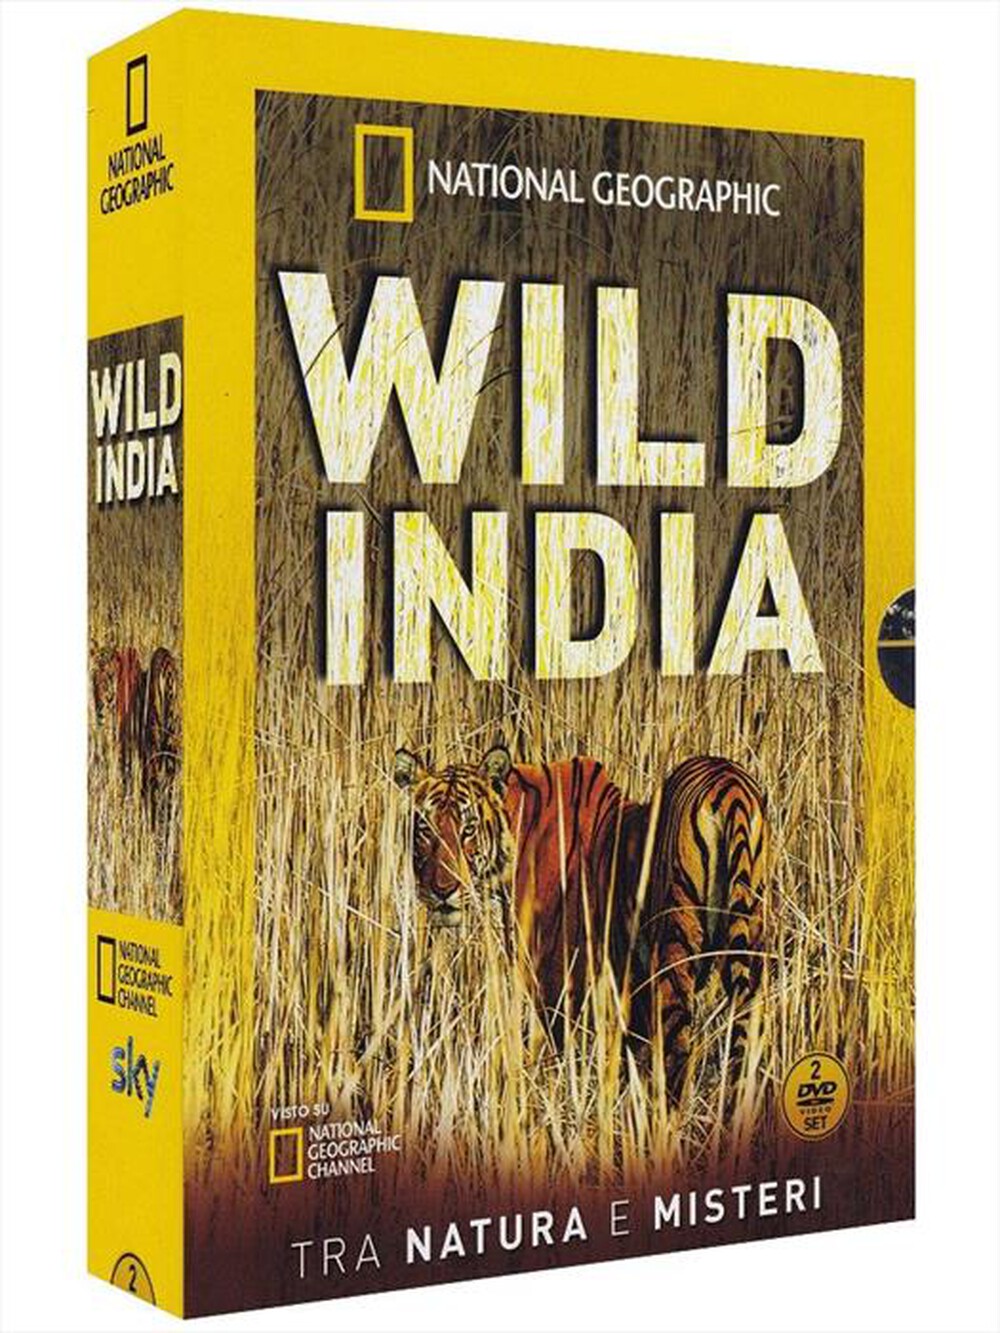 "NATIONAL GEOGRAFIC - Wild India (2 Dvd) - "
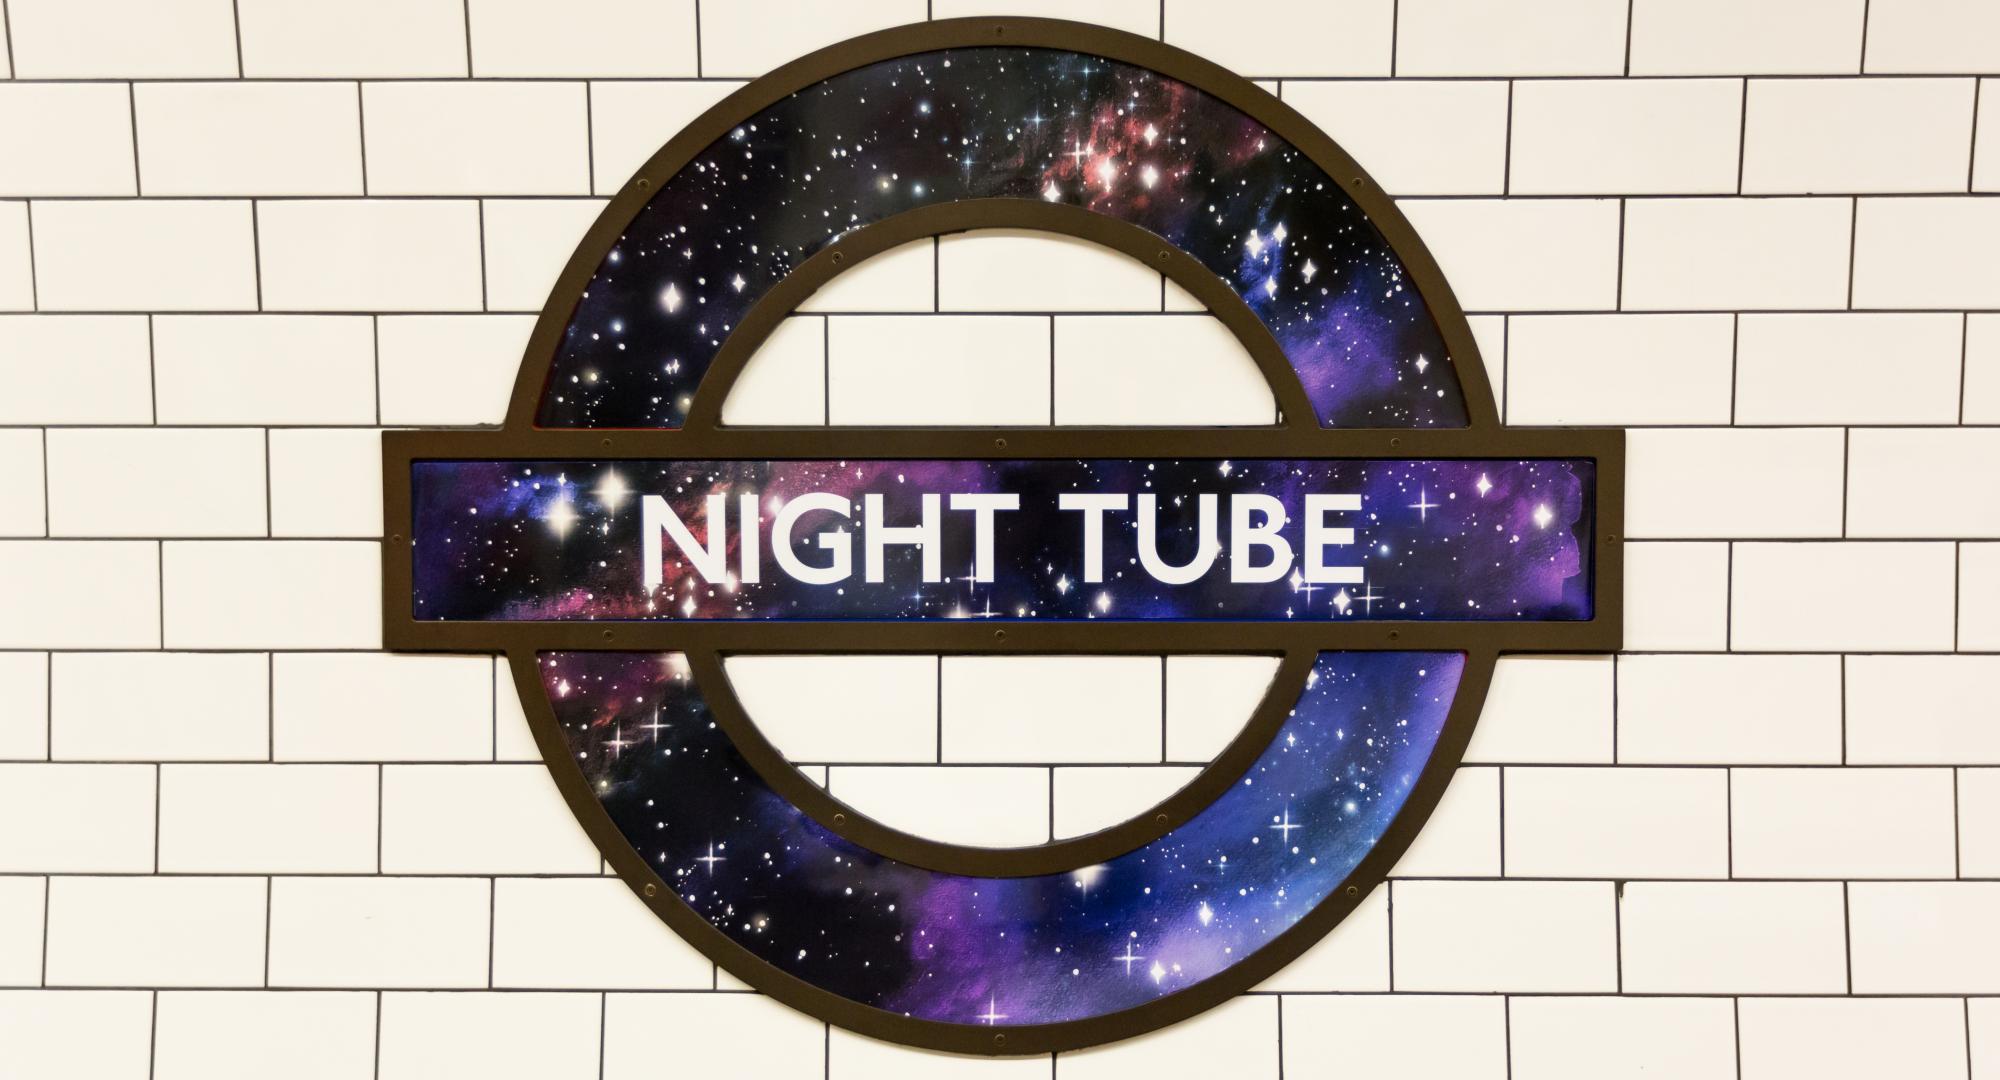 Night Tube via TfL 
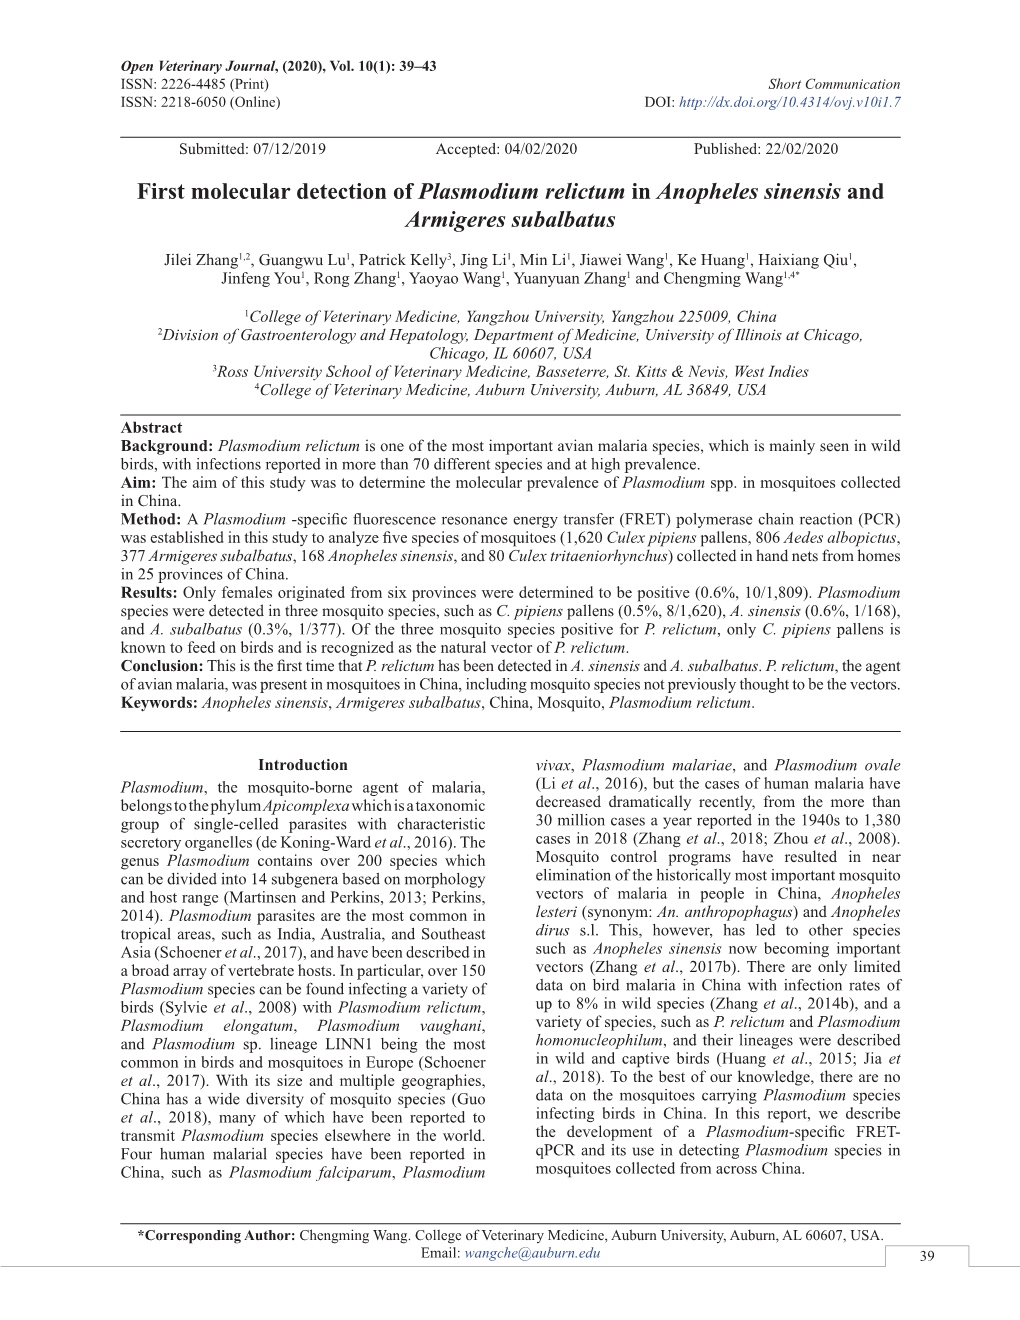 First Molecular Detection of Plasmodium Relictum in Anopheles Sinensis and Armigeres Subalbatus
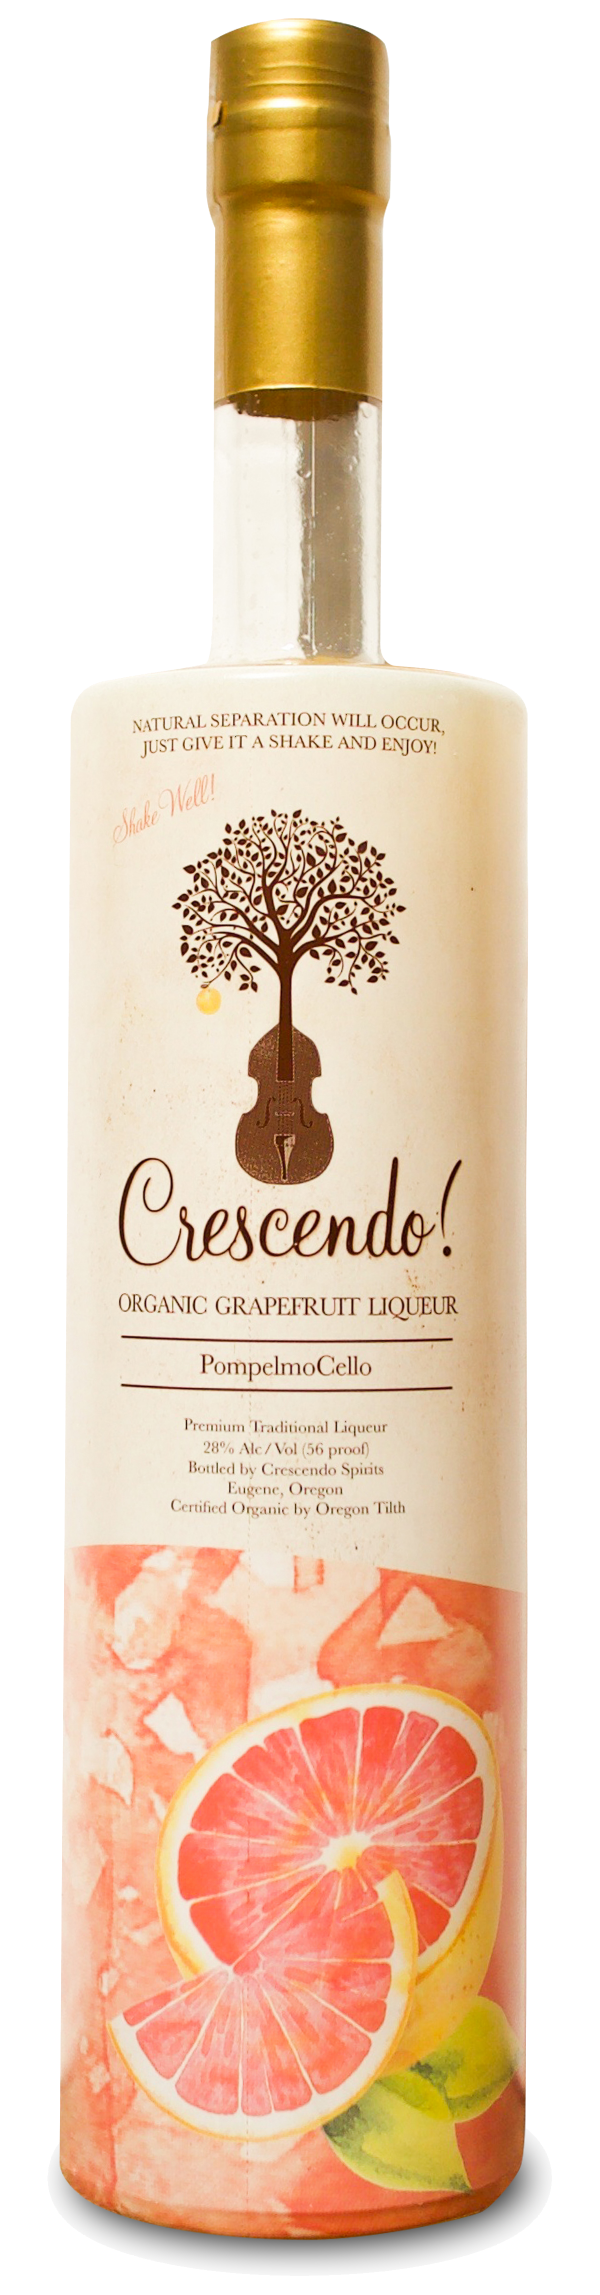 Crescendo PompelmoCello Organic Grapefruit Liqueur
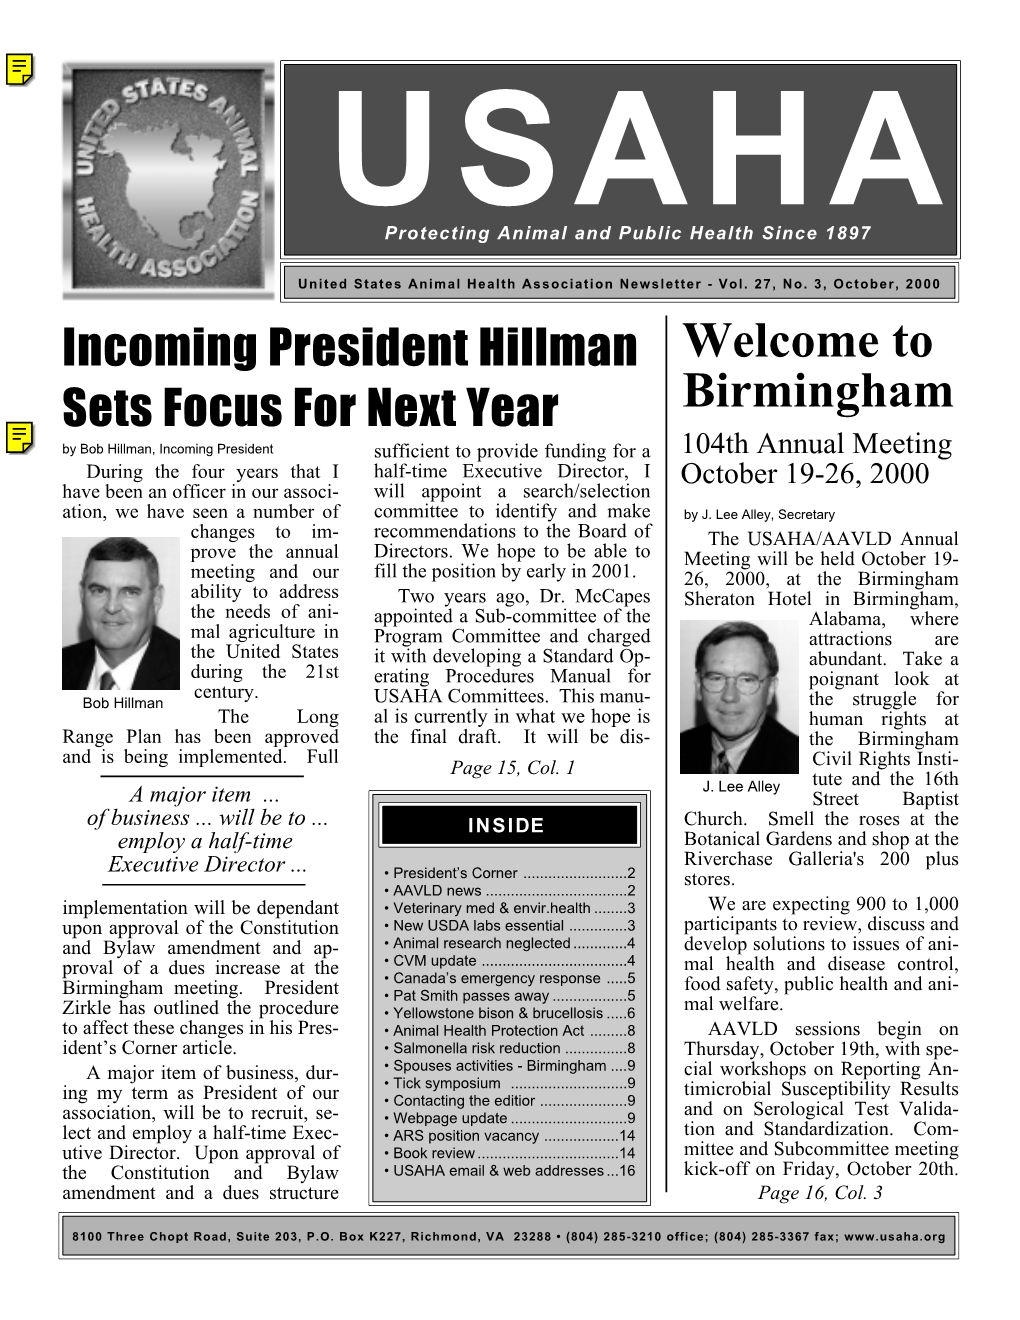 USAHA Newsletter, Vol.27, No. 3, October, 2000

▸ **Problem description**:
Transcribe every entry exactly, omitting pictures.

▸ **Exercise solution**:
 "NATIONAL GEOGRAFIC - Wild India (2 Dvd) - "
 Night Tube via TfL 
 First Molecular Detection of Plasmodium Relictum in Anopheles Sinensis and Armigeres Subalbatus
 Crescendo PompelmoCello Organic Grapefruit Liqueur
 USAHA Newsletter, Vol.27, No. 3, October, 2000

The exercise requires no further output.